22 | 22 | 26 | 24 | 23 | 27 | 25 | 20 | 24 | 26 |
25 | 25 | 19 | 24 | 20 | 22 | 24 | 25 | 25 | 20 |
23 | 30 | 26 | 20 | 25 | 28 | 19 | 26 | 26 | 23 |
25 | 23 | 23 | 23 | 22 | 26 | 27 | 23 | 28 | 24 |
- (2 points) Construct a 99% confidence interval estimate of the mean number of chocolate chips in all such cookies. How does the confidence interval not contradict the fact that most of the original values do not fall between the confidence interval limits?
- (2 points) Construct a 90% confidence interval estimate of the standard deviation of the numbers of chocolate chips in all such cookies.
- (3 points) You want to estimate the mean amount of time Internet users spend on Facebook each month.

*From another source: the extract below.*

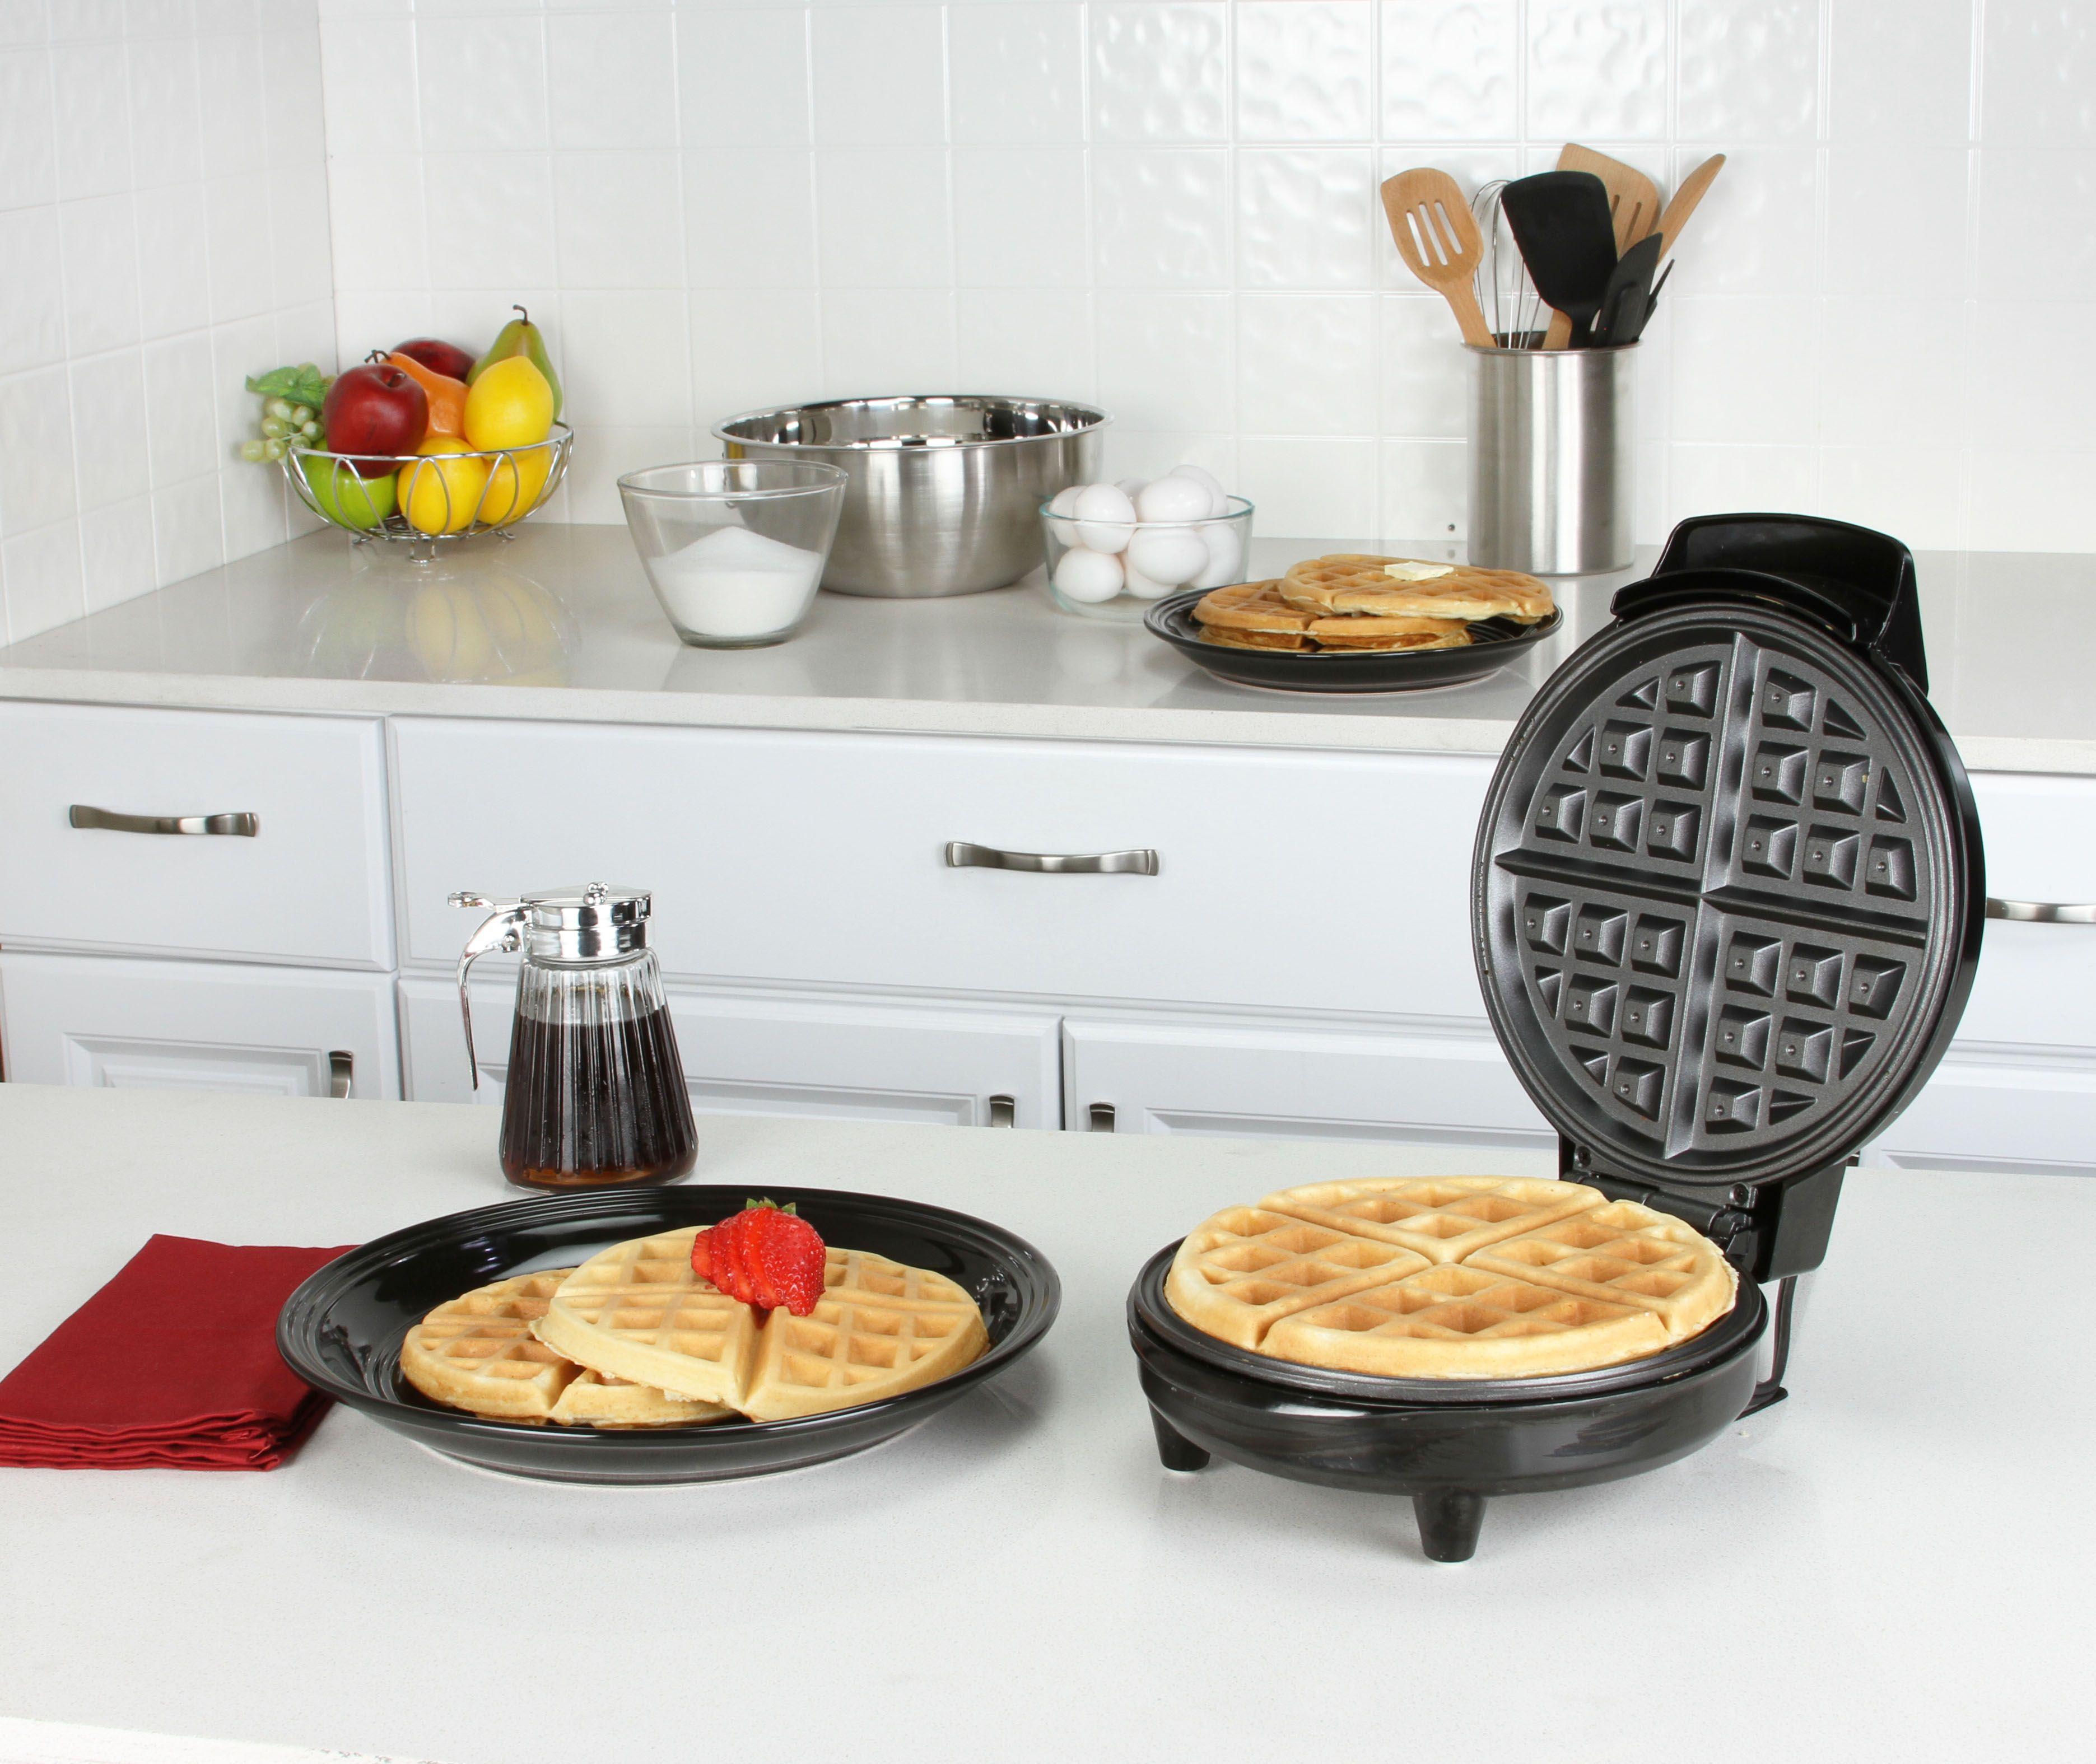 The Kalorik Traditional Belgian Waffle Maker Makes Large Fluffy Belgian Style Waffles With E Double Belgian Waffle Maker Belgian Waffle Maker Belgian Waffles
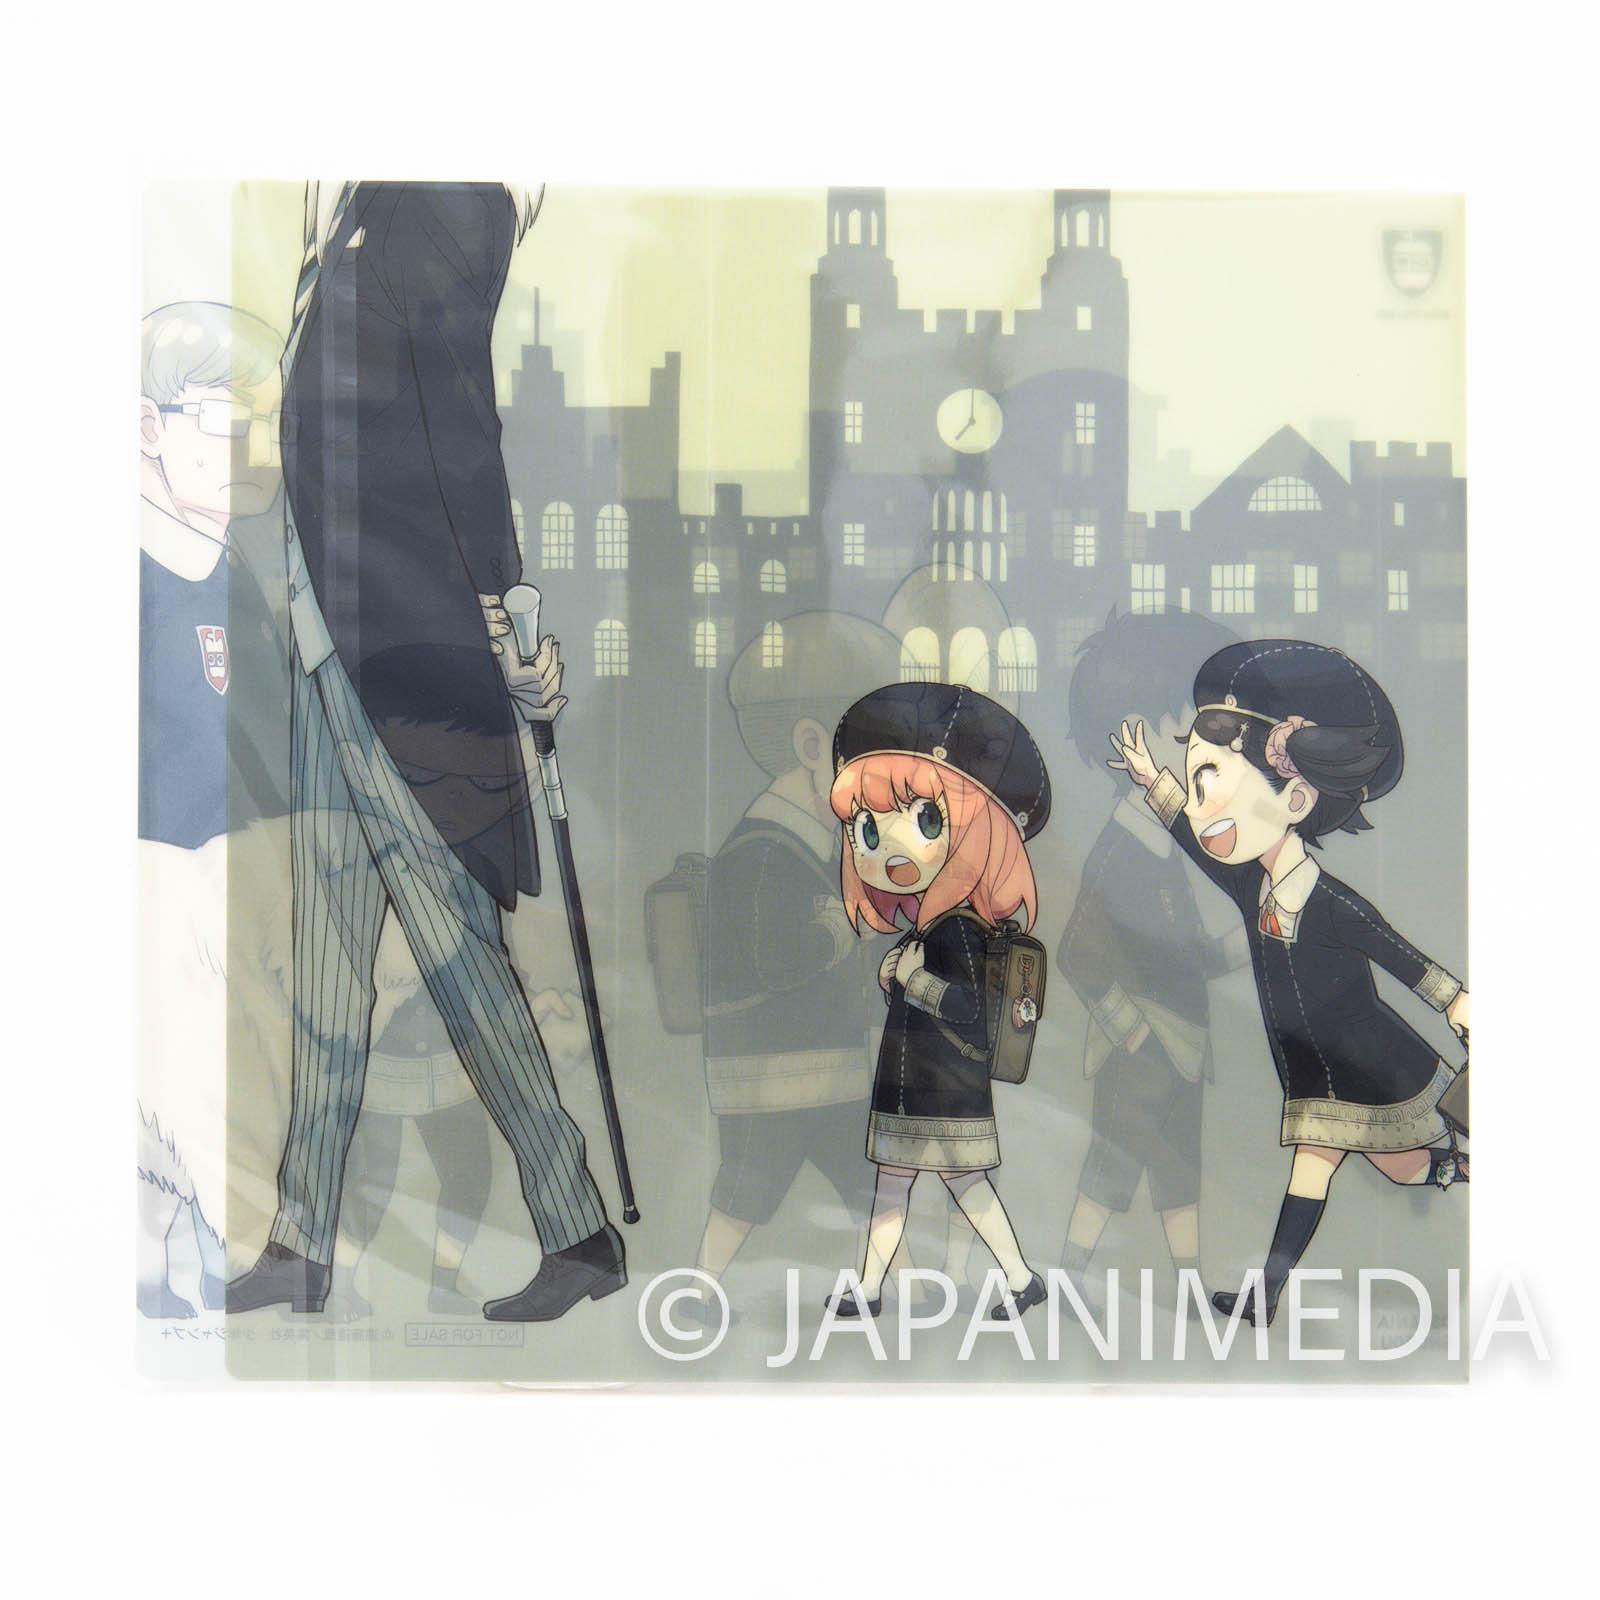 Spy x Family Eden college member Original Clear Book cover JAPAN MANGA

- (2 point) How many Internet users must be surveyed in order to be 95% confident that your sample mean is within 15 minutes of the population mean? Based on results from a prior survey, assume that the standard deviation of the population of monthly times spent on Facebook is 210 minutes.
- (1 point) What is a major obstacle in getting a good estimate of the population mean?
- (3 points) 25 men and 25 women were assessed for health purposes, and their pulse rates recorded. The men’s pulse rates had a mean of 67.3 beats per minute and a standard deviation of 10.3 beats per minute. The women’s pulse rates had a mean of 77.5 beats per minute and a standard deviation of 11.6 beats per minute.
- (1 point) Construct a 99% confidence interval estimate of the standard deviation of the pulse rates of men.
- (1 point) Construct a 99% confidence interval estimate of the standard deviation of the pulse rates of women.
- (1 point) Compare the variation of the pulse rats of men and women. Does there appear to be a difference?